During the course of his speech to the General Assembly of the United Nations, President Obama repeated his evenhanded mantra about the Middle East peace process. The short version of it is to say that if you want Israel to survive you also have to support a Palestinian state. Both sides of the conflict have a right to live “in dignity and security” and both sides should be urged to make compromises and accept peace. But the problem with this formulation, which was repeated by many other world leaders at the UN podium, is that it reflects a false moral equivalence between the two sides. That false balance was reflected in the events last weekend that led to the murders of two Israeli soldiers in terrorist incidents.

As the Times of Israel’s David Horovitz wrote yesterday, these were not the acts of isolated extremists trying to undermine the peaceful intentions of Palestinian leaders. Responsibility for one of the murders was taken by the Al Aqsa Martyrs Brigade, the military wing of the Fatah Party led by Palestinian Authority leader Mahmoud Abbas, who was praised by President Obama for engaging in talks with Israel.

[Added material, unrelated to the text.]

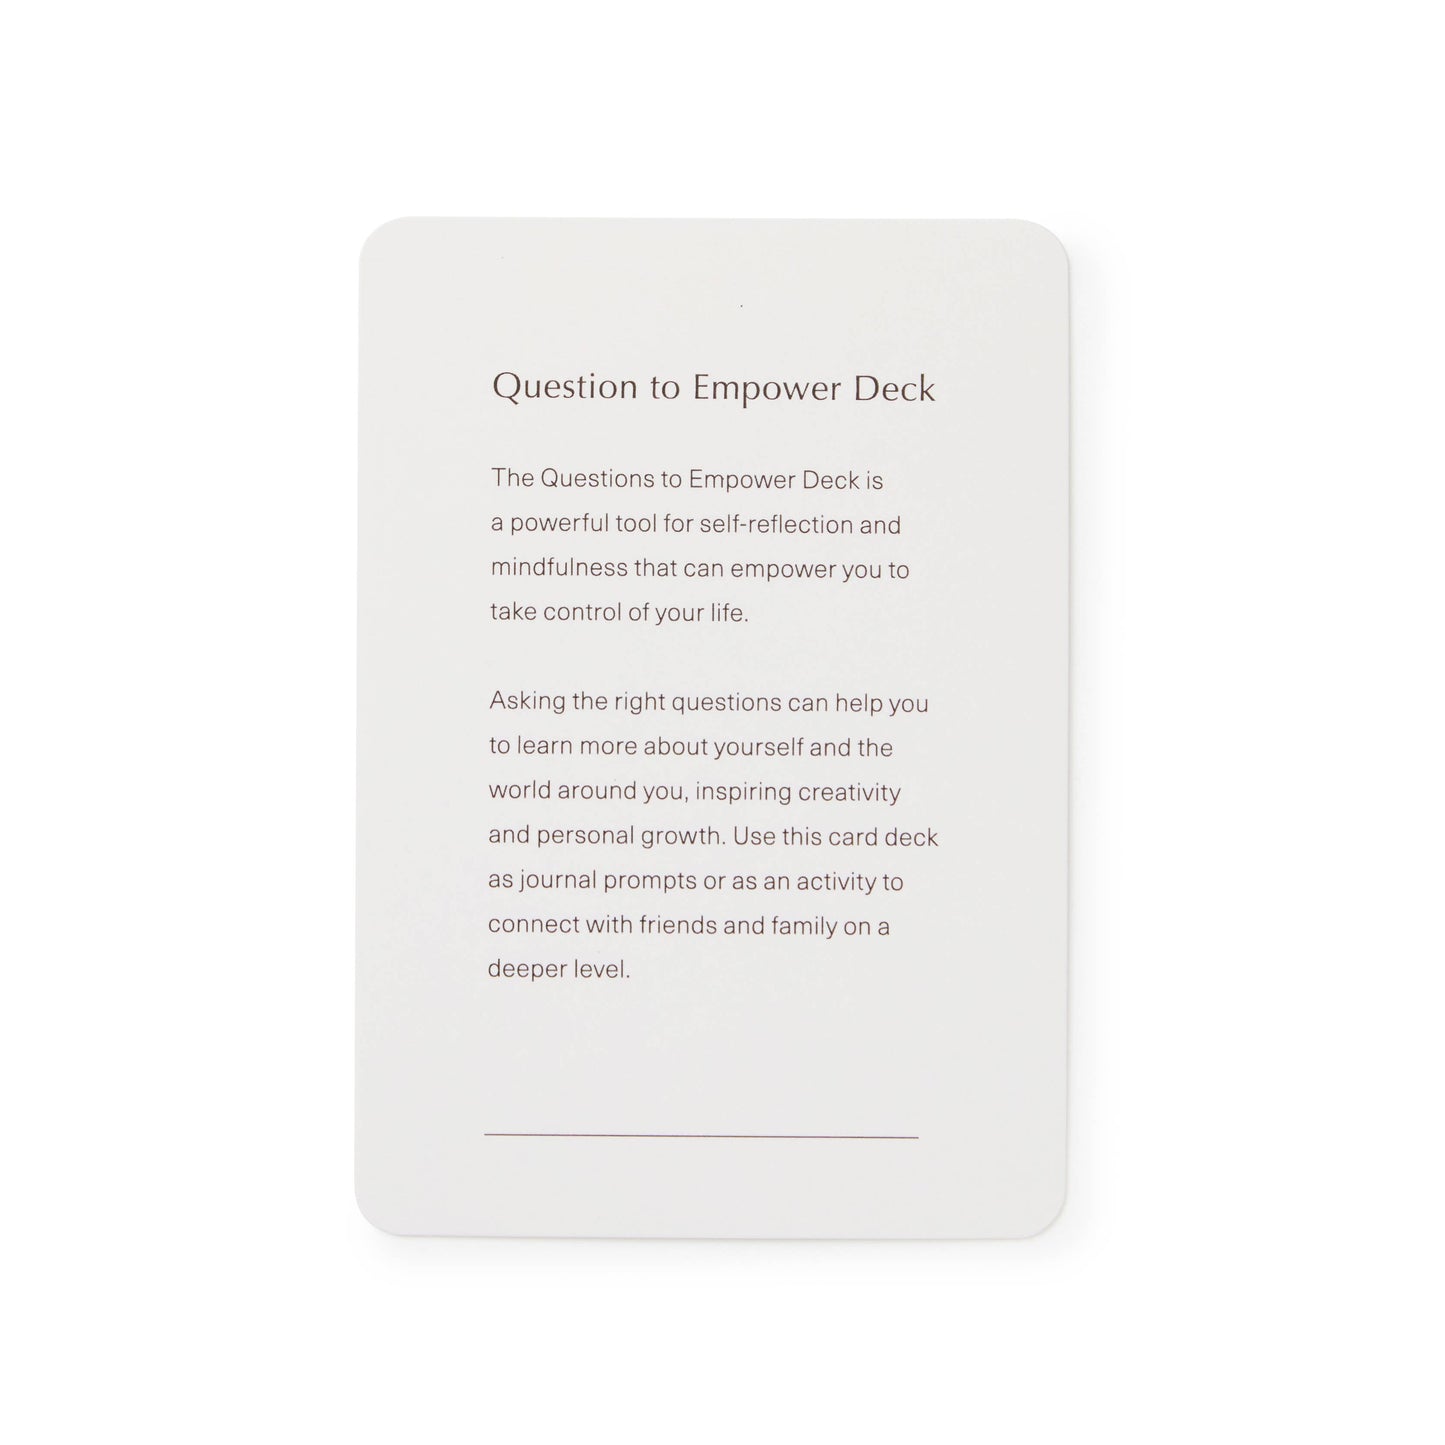 Questions to Empower Card Deck - Mindfulness Gift

The PA condemned neither killing. But even if it did issue some statement of regret, it would be pure hypocrisy since such acts are encouraged every day by the PA’s official media and education system which continues to laud terrorism and to treat murders of Jews and Israelis as the duty of every Palestinian.

Yet neither the Obama administration nor anyone at the UN ever bothers to point out that there is only one side in this contract that devotes its resources to inciting hatred and violence against their antagonists: the Palestinians. Until that imbalance is corrected, all the evenhanded rhetoric heard at the UN or anywhere else will be a waste of time.

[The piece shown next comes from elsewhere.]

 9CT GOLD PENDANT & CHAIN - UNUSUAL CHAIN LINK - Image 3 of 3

Even dedicated peace processors like longtime State Department official Dennis Ross have long acknowledged that the principal failure of those pushing the implementation of the Oslo Accords was their decision to ignore Palestinian incitement. Back in the 1990s, discussions of how the Palestinians were laying the groundwork for a new campaign of terrorism was considered irrelevant or a distraction of the big picture in which Israel was being pressured to make more concessions to satisfy the Palestinians. That fatal mistake was Oslo’s undoing. But 20 years after the ecstatic reaction to the signing on the White House Lawn, President Obama is making the same mistake when he and Secretary of State John Kerry ignore the Palestinian campaign of hate.

Anyone who expects peace talks to succeed or to be meaningful when the same party that is supposedly negotiating with Israel is encouraging its people to treat terrorism against Jews as an act of heroism is deluding themselves. Allowing the PA to get away with saying one thing in English to the Western press and another in Arabic in their official media and school texts is a formula that will ensure that the mistakes of Oslo will be repeated.

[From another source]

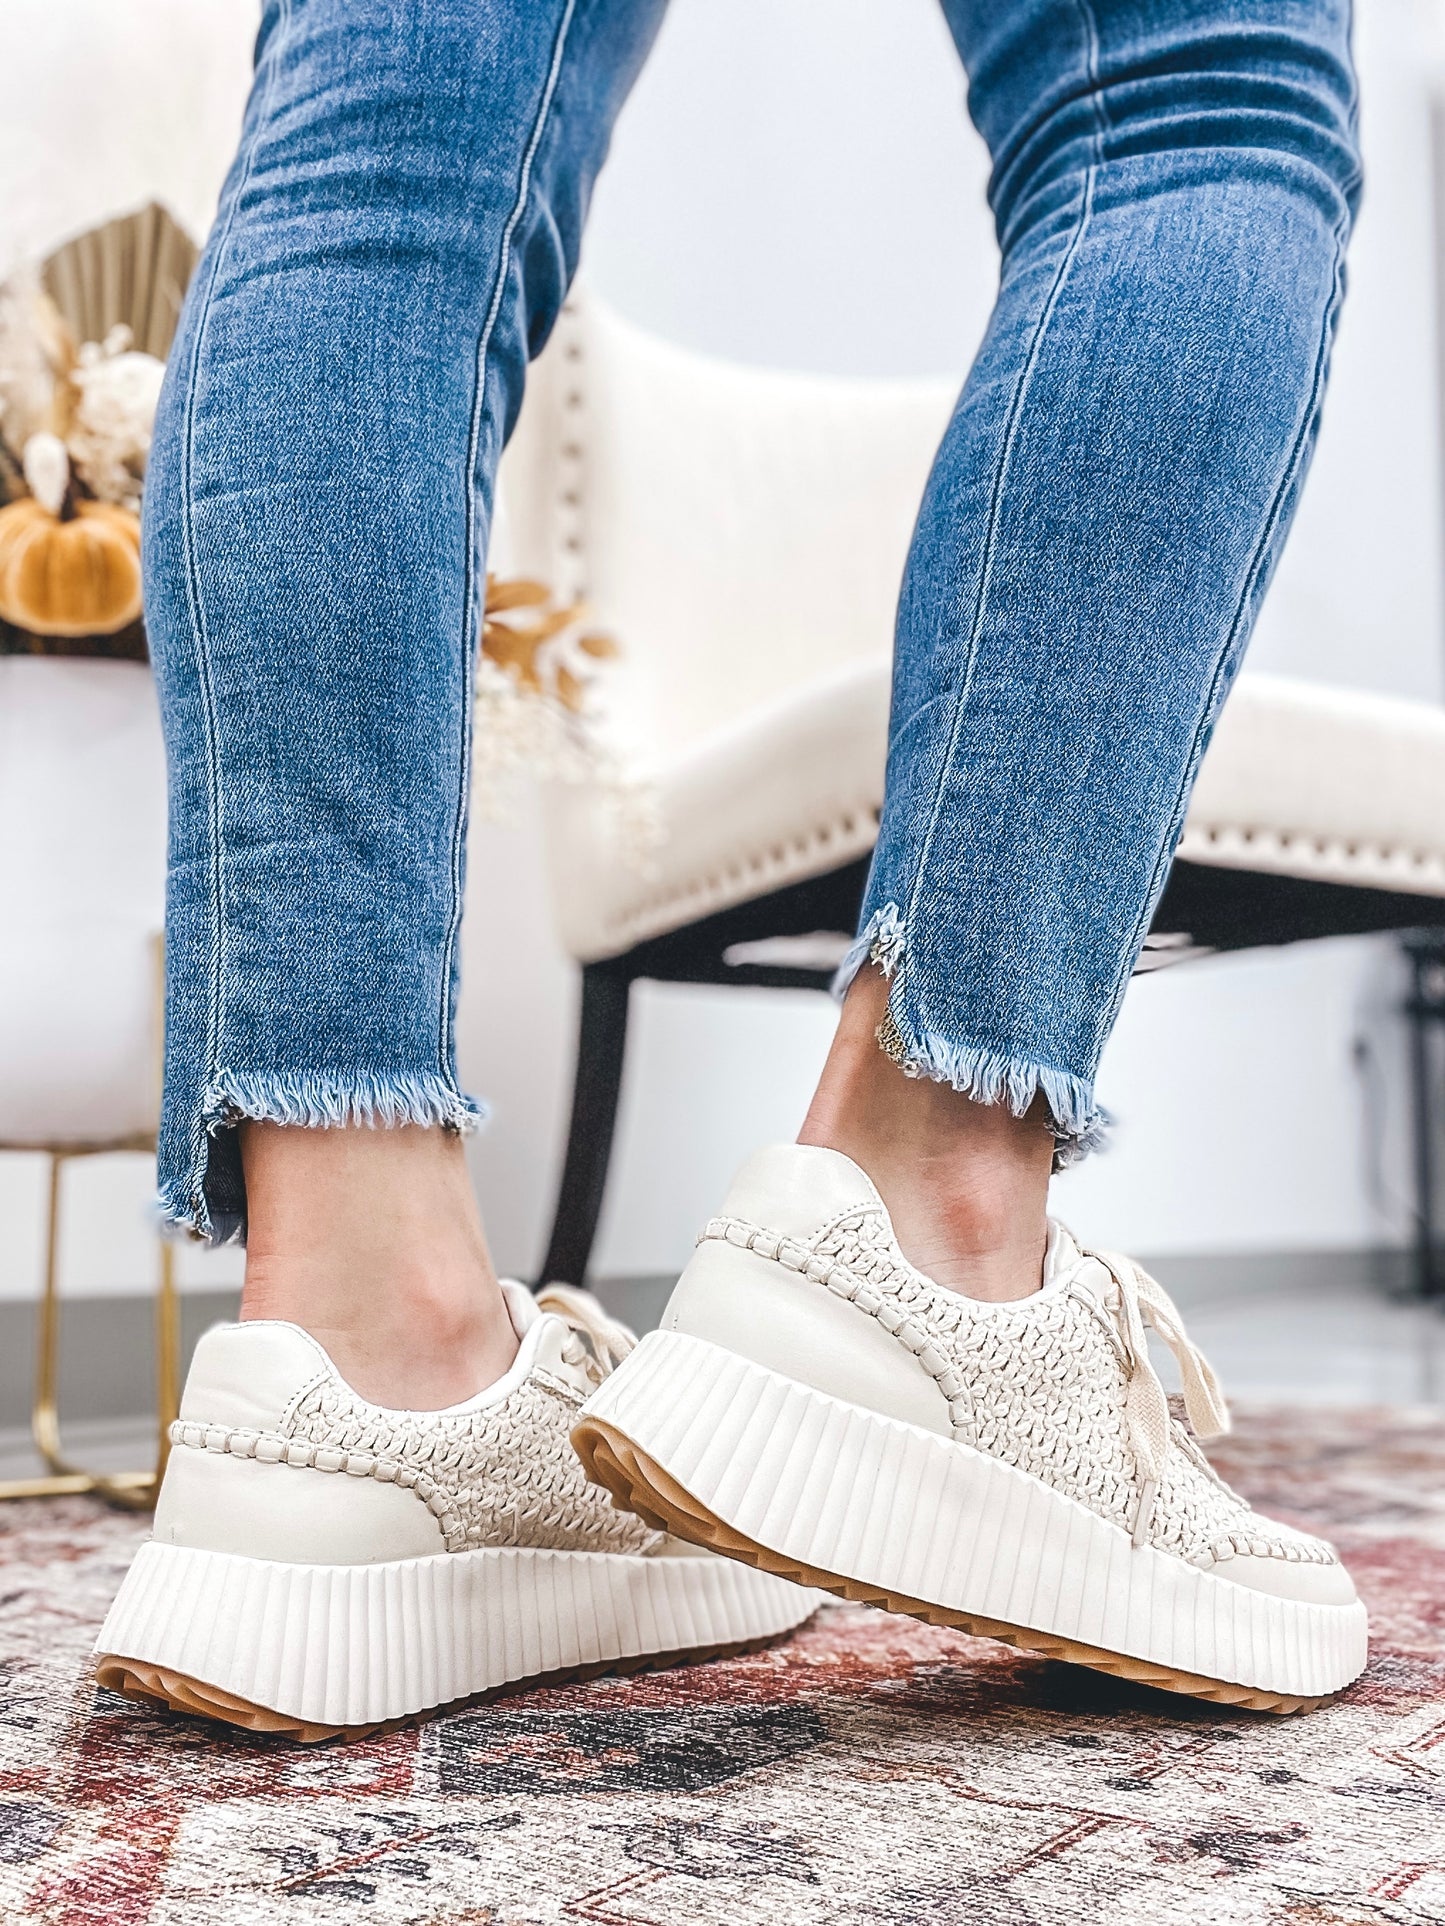 The Selina Woven Sneakers

The path to peace is not as simple as merely saying both sides have rights–though any formulation that accepts that Israel has rights in the dispute over Jerusalem and the West Bank rather than just security concerns, as Obama indicated, would be an improvement. But what is truly necessary is for the West to make it plain to Abbas and the PA that it cannot go on subsidizing terrorists like the Aqsa Brigades or eulogizing them when murderers are released from Israeli jails at the behest of the U.S. So long as that is the rule, it won’t matter what happens in the talks that Kerry has orchestrated with such great effort. Settlements can be negotiated and, as Israel has shown in the past, surrendered in the hope of real peace (a hope that has so far been disappointed). But the conflict will not end so long as the Palestinians and the rest of the Muslim and Arab world think there’s nothing wrong with killing Jews. If President Obama really wants to advance the cause of peace, he should focus on that point the next time he rises to the UN podium.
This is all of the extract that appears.